Open SLrepo opened 4 years ago

SLrepo commented 4 years ago

According to the reference, collision distance should be negative when objects are in collision. However, when the objects are not primitive shapes (e.g. when a loaded .obj file object is in collision with some other objects), the min_distance returned by DistanceResult is always 0. Below is an example.

BVHModel<RSS> m1; std::vector<Vector3> p1; std::vector t1; loadOBJFile("mesh.obj", p1, t1); m1.beginModel(); m1.addSubModel(p1, t1); m1.endModel(); BVHModel<RSS> m2; Cylinder c2(20, 40); generateBVHModel(m2, c2, Transform3::Identity(), 16, 16); Transform3 tf1 = Transform3::Identity(); tf1.translation() = Vector3(20, 0, 0); DistanceRequest request; request.enable_signed_distance = true; DistanceResult res; res.clear(); distance(&m1, Transform3::Identity(), &m2, tf1, request, res); std::cout << "The penetration depth is " << res.min_distance << "\n";

When I change the first axis of "tf1" from 0 to 20, the returned min_distance gradually become smaller, at some point, it should become negative (objects in collision).
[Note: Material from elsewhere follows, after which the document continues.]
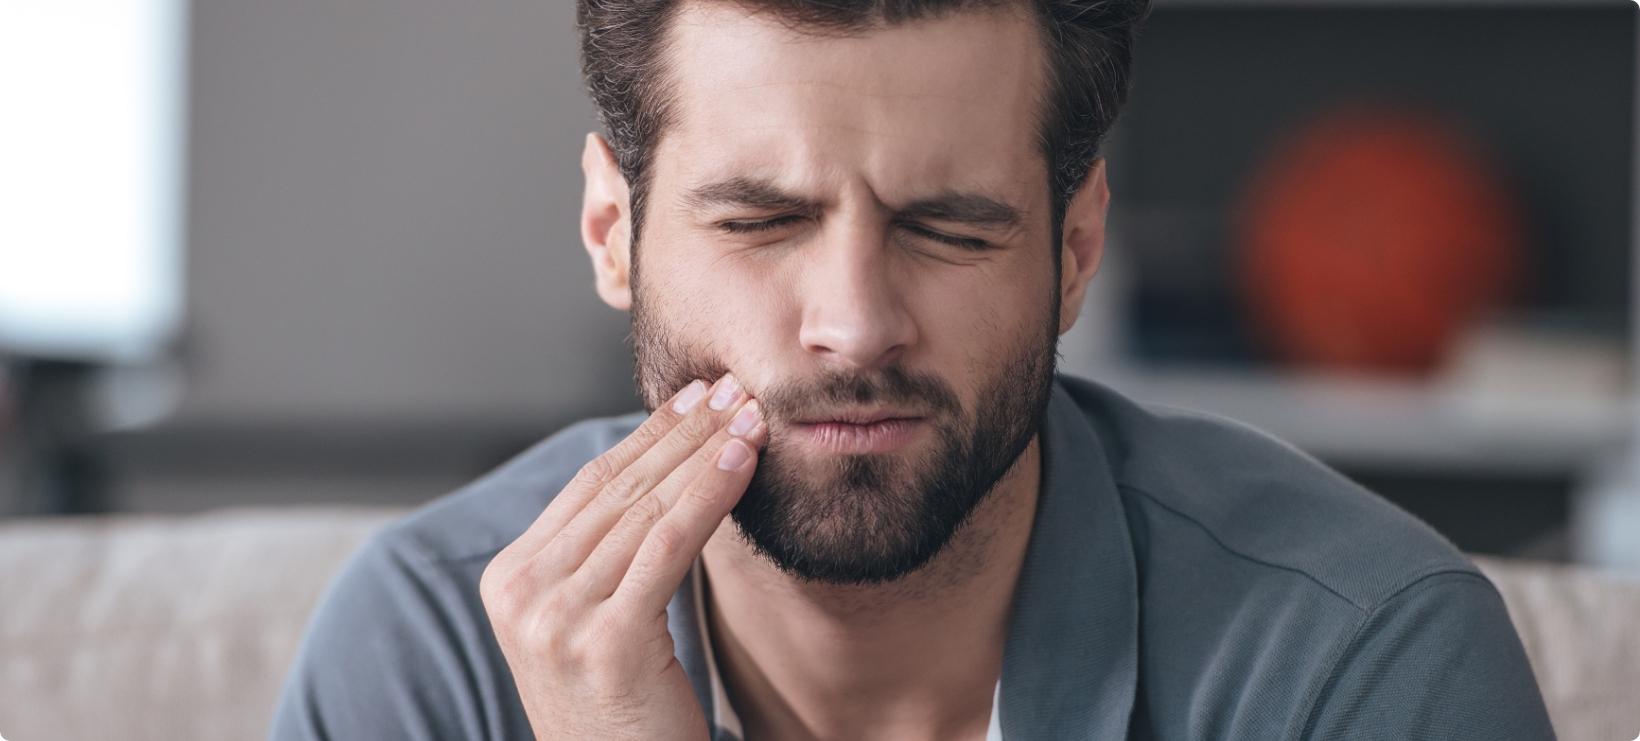 Les douleurs dentaires fortes et intenses

However, it never becomes negative and stayed at 0. The .obj file I used is from here, the 'loadOBJFile' function is the same as the one used in fcl/test.
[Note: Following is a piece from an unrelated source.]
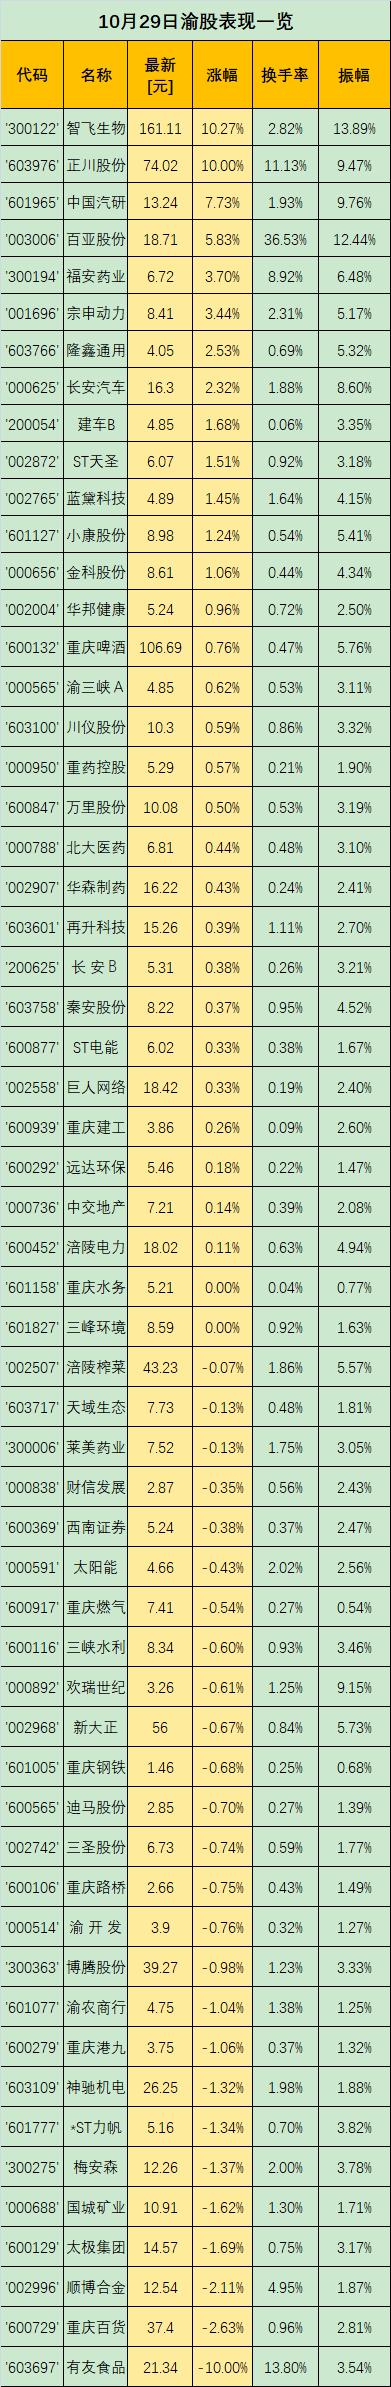 渝股点金 | 华龙证券罗涛:智飞生物涨超10%!短线及中线这样操作...

jmirabel commented 4 years ago

FCL cannot compute the penetration between a non-convex mesh and anything else, for several reasons.

  1. BVHModel may not even be closed so the interior or exterior is not well defined. Thus BVHModel are surface only.
  2. Even if you define conventionally an interior, for a non-convex model, computing the penetration depth is not a local problem any more and is thus hard (read time-consuming) to compute. This isn't implemented in FCL.
SLrepo commented 4 years ago

FCL cannot compute the penetration between a non-convex mesh and anything else, for several reasons.

  1. BVHModel may not even be closed so the interior or exterior is not well defined. Thus BVHModel are surface only.
  2. Even if you define conventionally an interior, for a non-convex model, computing the penetration depth is not a local problem any more and is thus hard (read time-consuming) to compute. This isn't implemented in FCL.

Does it mean if the meshes are convex, fcl would work? Since a non-convex shape can be decomposed into several convex shapes.

SeanCurtis-TRI commented 4 years ago

Correct. The key being that convex shapes, by definition, must be closed. :) There is no ambiguity about inside/outside and there will be a well-defined minimum-translational distance (even though the "nearest point" may not be unique.)